What you need to do. Print only the lines below from the one with "Landschapsbeheer Groningen, Natuurmonumenten, Staatsbosbeheer" to the one with "6 mẫu bàn ghế", both included, exactly as they stand. Leave pictures out.

Source information.
□ □ □ □ □ □ □

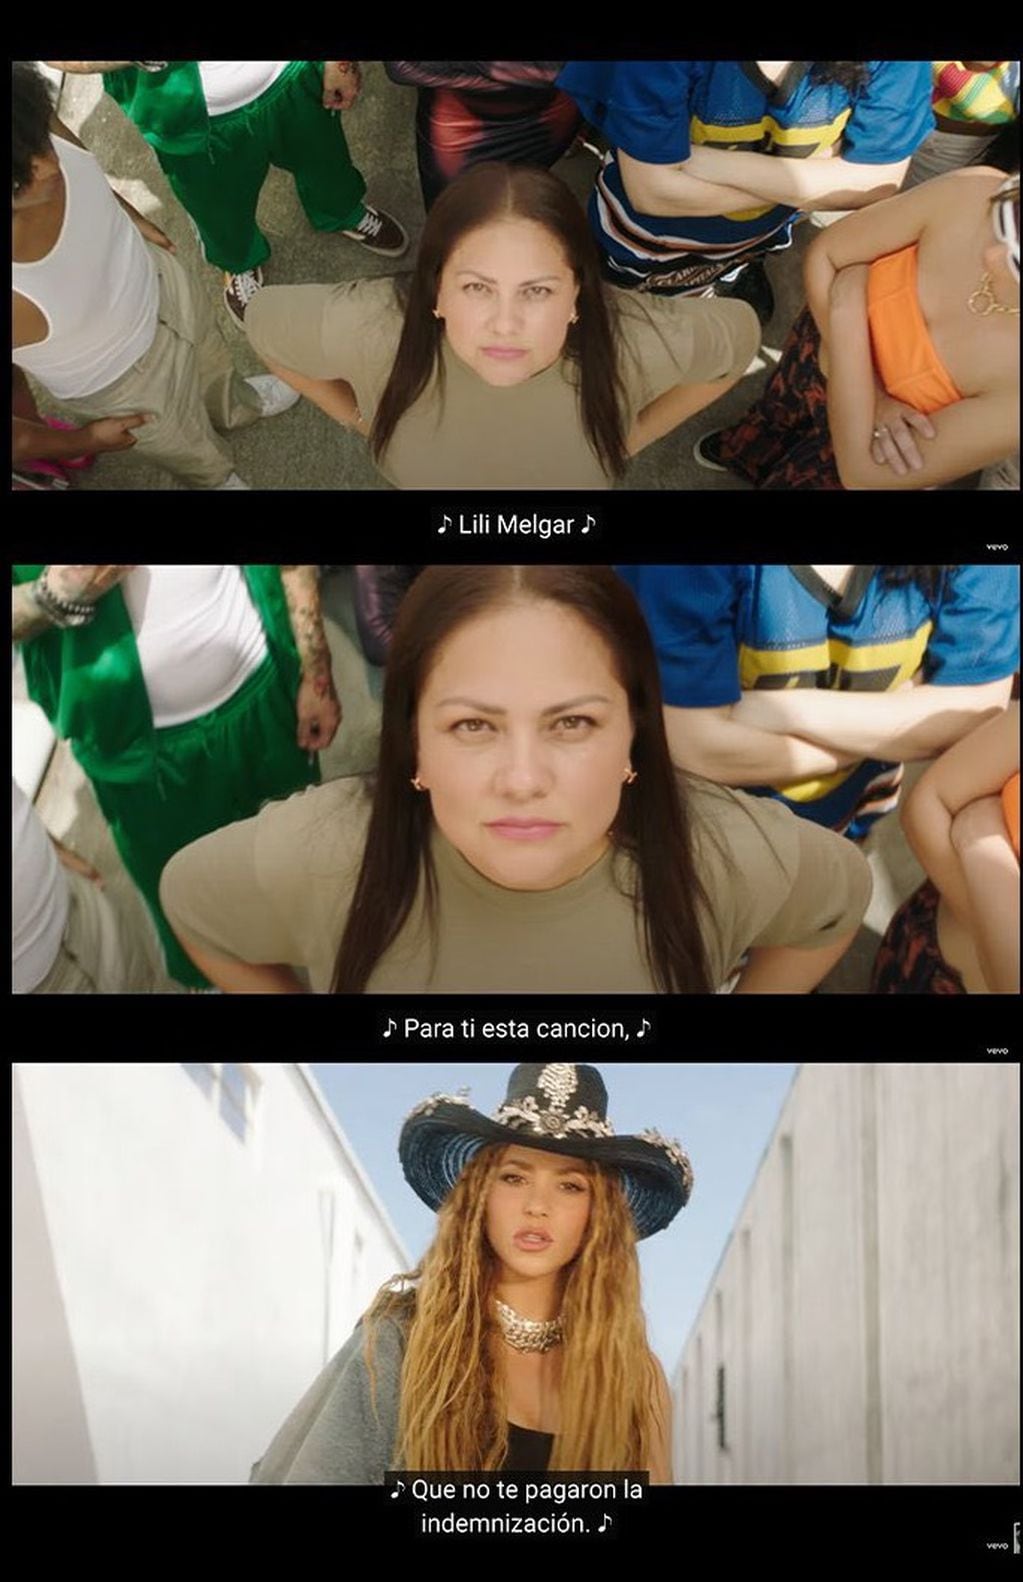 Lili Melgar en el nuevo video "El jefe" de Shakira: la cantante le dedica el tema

□ □ □ □ □ □ □

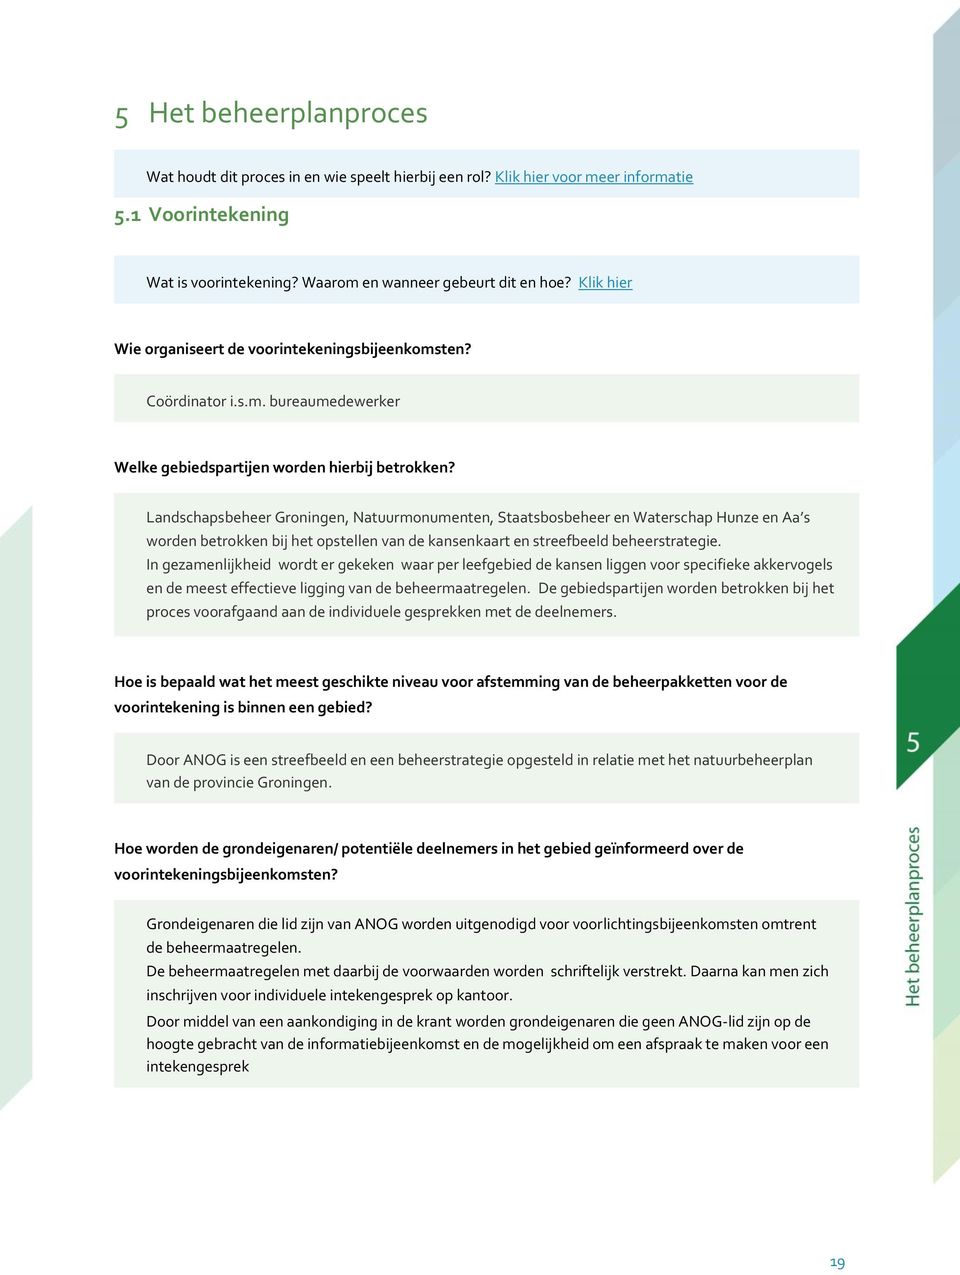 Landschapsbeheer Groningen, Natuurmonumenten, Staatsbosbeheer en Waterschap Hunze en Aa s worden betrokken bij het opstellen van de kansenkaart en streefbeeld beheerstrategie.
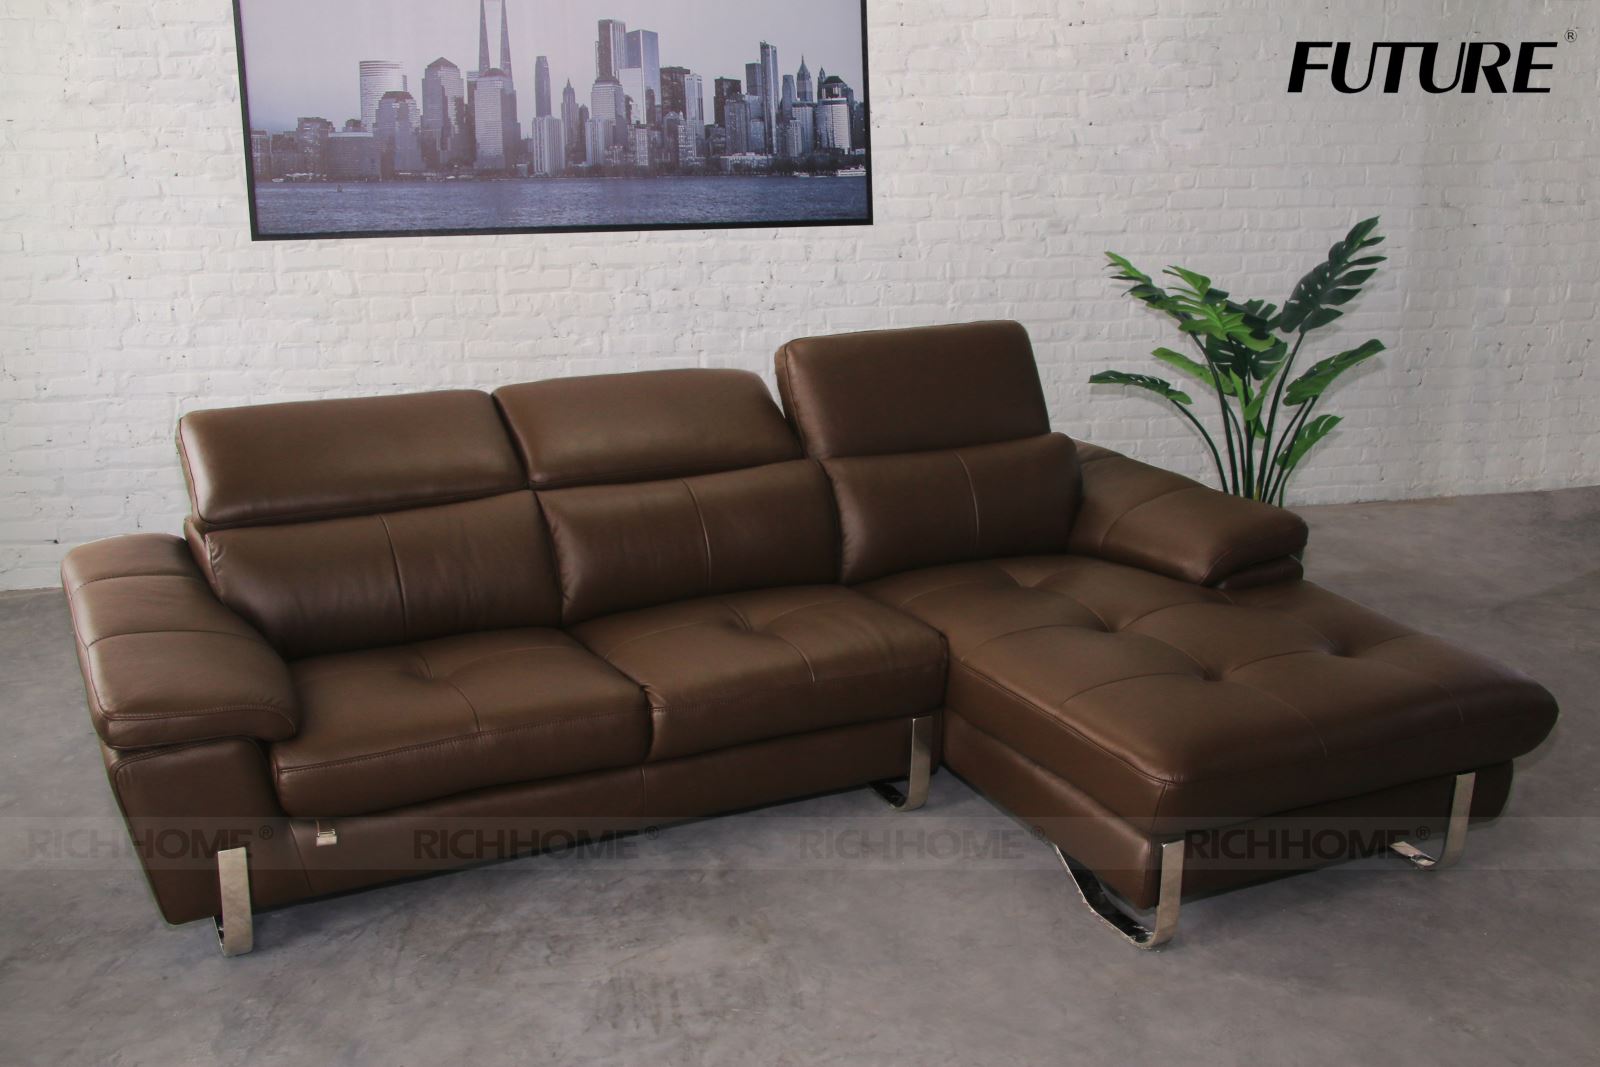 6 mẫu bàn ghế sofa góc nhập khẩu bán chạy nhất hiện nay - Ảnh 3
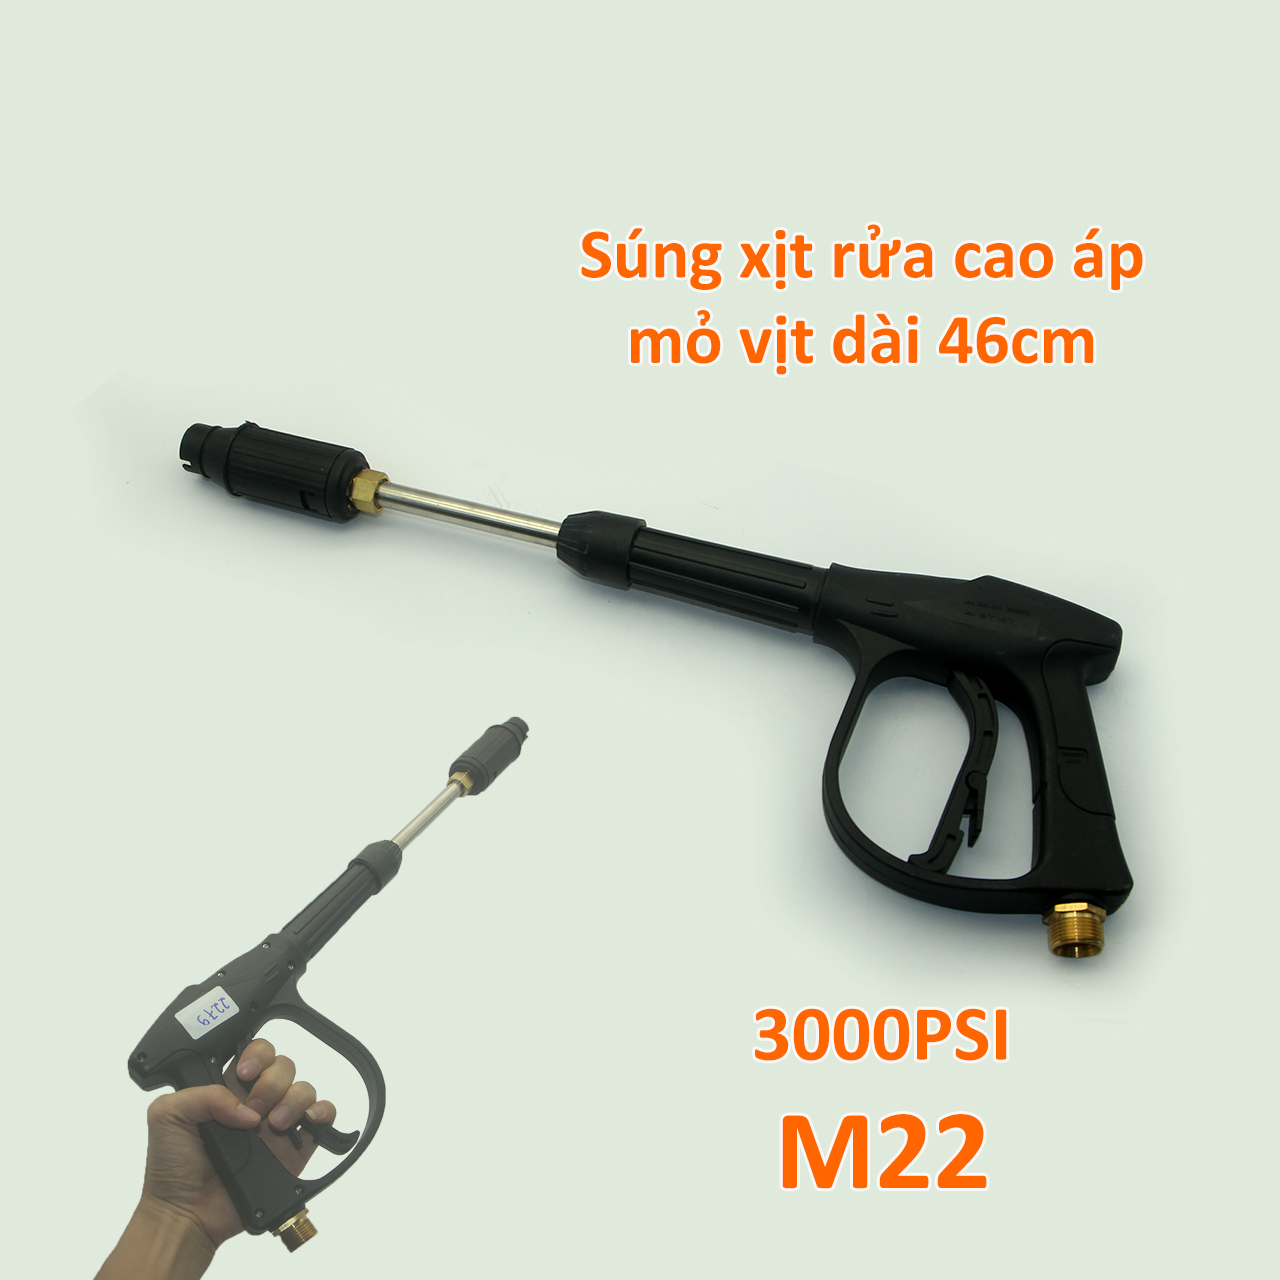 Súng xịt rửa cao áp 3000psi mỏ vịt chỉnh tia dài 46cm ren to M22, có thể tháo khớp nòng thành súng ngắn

□ □ □ □ □ □ □

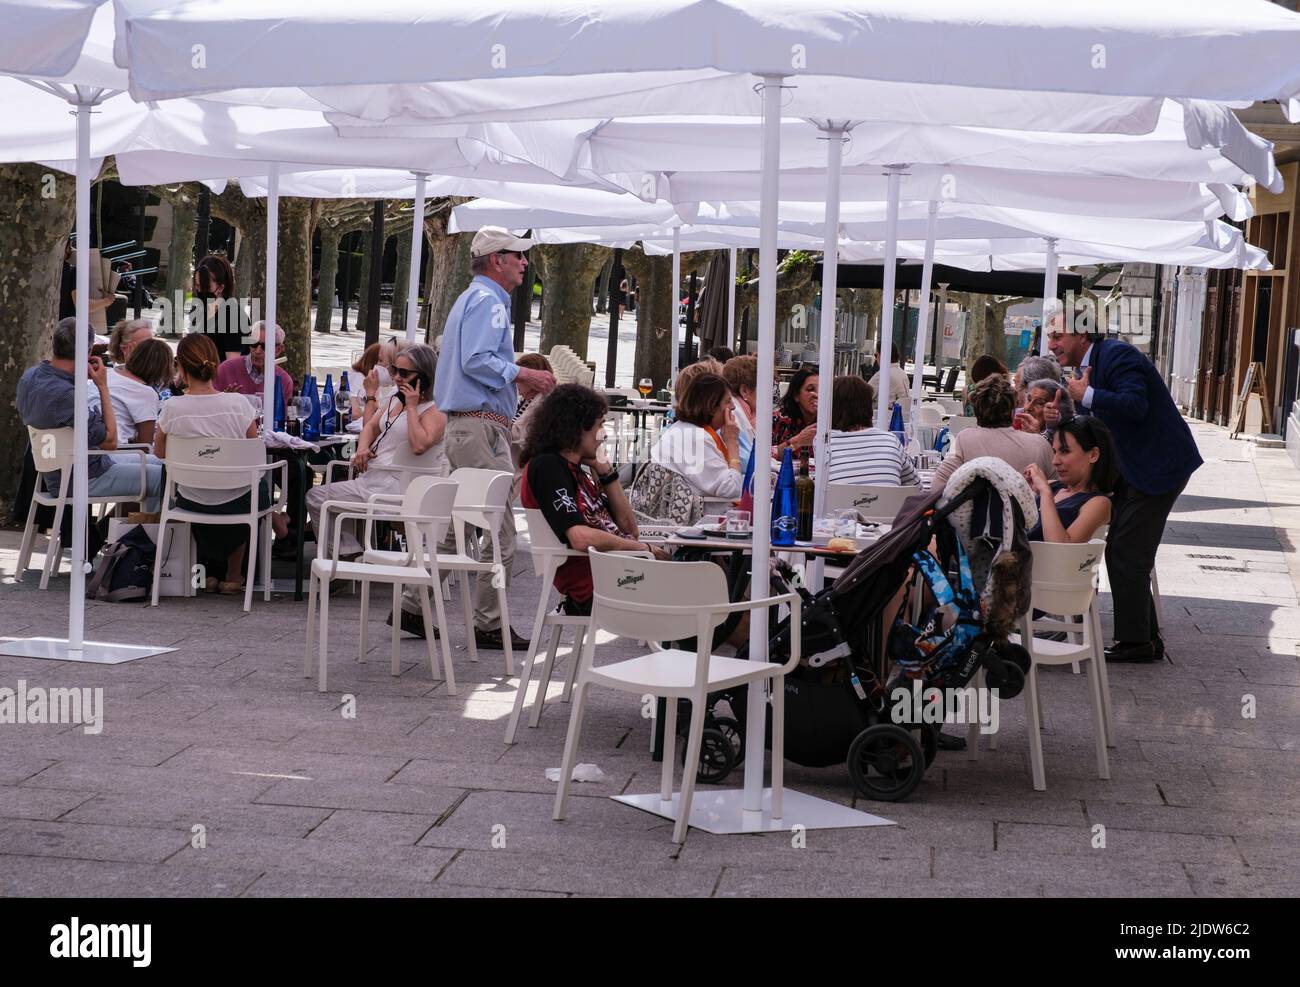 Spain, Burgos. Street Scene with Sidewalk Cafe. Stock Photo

□ □ □ □ □ □ □

Output.
 Landschapsbeheer Groningen, Natuurmonumenten, Staatsbosbeheer en Waterschap Hunze en Aa s worden betrokken bij het opstellen van de kansenkaart en streefbeeld beheerstrategie.
 6 mẫu bàn ghế sofa góc nhập khẩu bán chạy nhất hiện nay - Ảnh 3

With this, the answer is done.